Dat formulier gaat vergezeld van : a) een afschrift van de laatste factuur of van het document betreffende de opening van de meter dat uitgaat van de waterverdeler en dat dient om betrokken aansluiting(en) te identificeren indien het huishoudelijk afvalwater geproduceerd wordt vanaf water dat van de openbare distributie van voedingswater opgenomen wordt; b) een afschrift van de facturen betreffende de levering en werken i.v.m. de installatie van het individuele zuiveringssysteem; c) desgevallend, elk bewijsstuk betreffende het onderhoud of de lediging van het individuele zuiveringssysteem vereist krachtens de besluiten tot uitvoering van het decreet van 11 maart 1999 betreffende de milieuvergunning, alsook een afschrift van het onderhoudscontract;d) indien het geïnstalleerde systeem niet erkend is, één exemplaar van het conformiteitsattest opgemaakt door de fabricant van het individuele zuiveringssysteem naar het model dat vastligt in de besluiten tot uitvoering van het decreet van 11 maart 1999 betreffende de milieuvergunning. Art. R. 388. § 1. Binnen vijftien dagen, te rekenen van de datum van ontvangst van de aanvraag, bezorgt de Directie Financiële Middelen van het Departement Leefmilieu en Water van het Operationele Directoraat-generaal Landbouw, Natuurlijke Hulpbronnen en Leefmilieu de aanvrager een attest waaruit blijkt dat het dossier volledig en ontvankelijk is of verzoekt ze hem erom het dossier aan te vullen. § 2. De Directie Financiële Middelen van het Departement Leefmilieu en Water van het Operationele Directoraat-generaal Landbouw, Natuurlijke Hulpbronnen en Leefmilieu doet uitspraak over de aanvraag binnen zestig dagen, te rekenen van de datum van de kennisgeving bedoeld in § 1. Elk aan de aanvrager gerichte verzoek om aanvullende gegevens of stukken onderbreekt die termijn. § 3. Indien het huishoudelijk afvalwater geproduceerd wordt vanaf water dat van de openbare distributie van voedingswater opgenomen wordt, verzoekt de Directie Financiële Middelen van het Departement Leefmilieu en Water van het Operationele Directoraat-generaal Landbouw, Natuurlijke Hulpbronnen en Leefmilieu de openbare verdeler binnen dertig dagen, te rekenen van de datum van de gunstige beslissing, erom niet langer de reële kostprijs bij de sanering te innen op de volumes opgenomen vanaf de betrokken aansluiting(en). Dit geldt vanaf de factureringsperiode die volgt op de datum van die beslissing.

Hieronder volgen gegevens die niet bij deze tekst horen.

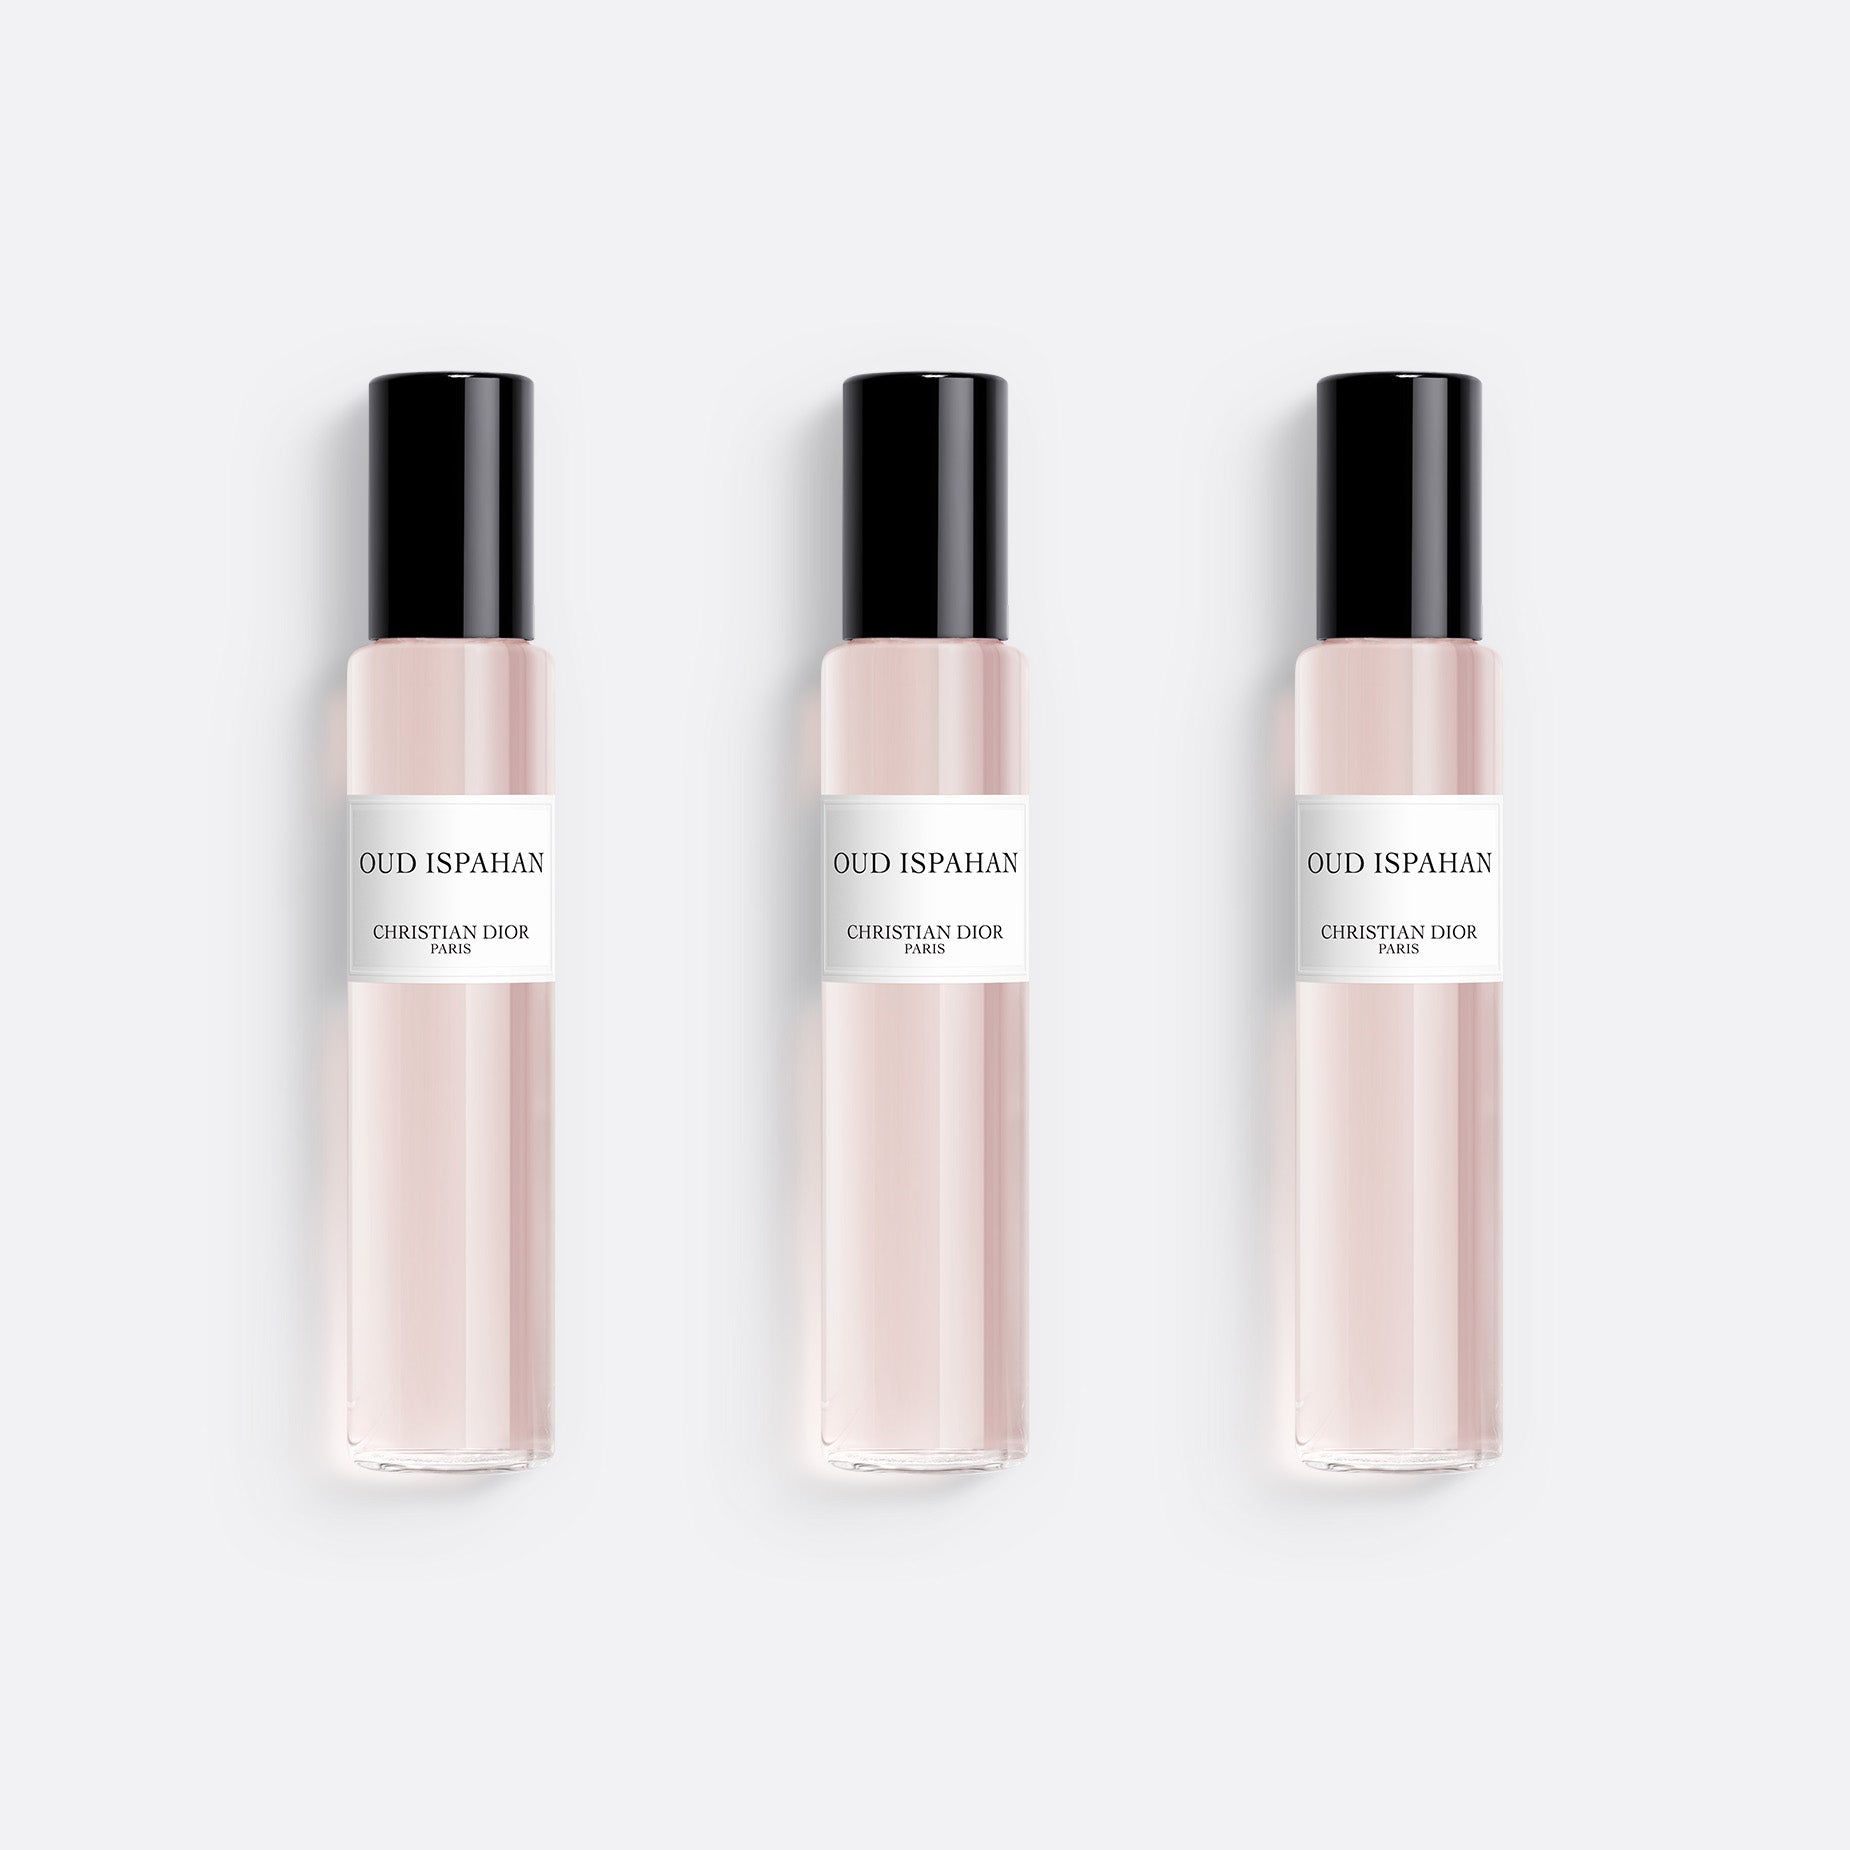 Christian Dior - LVMH Parfums - Vila Olímpia - 1 dica de 15 clientes

De aanvrager aan wie kennis van een gunstige beslissing werd gegeven, geniet de terugbetaling van de belasting op het lozen van huishoudelijk afvalwater of van de reële kostprijs bij de sanering die geïnd werd op de regulariseringsfactuur uitgegeven tijdens het onderzoek van de aanvraag en slaat enkel op de periode in de loop waarvan het huishoudelijk afvalwater door het individuele zuiveringssysteem behandeld werd.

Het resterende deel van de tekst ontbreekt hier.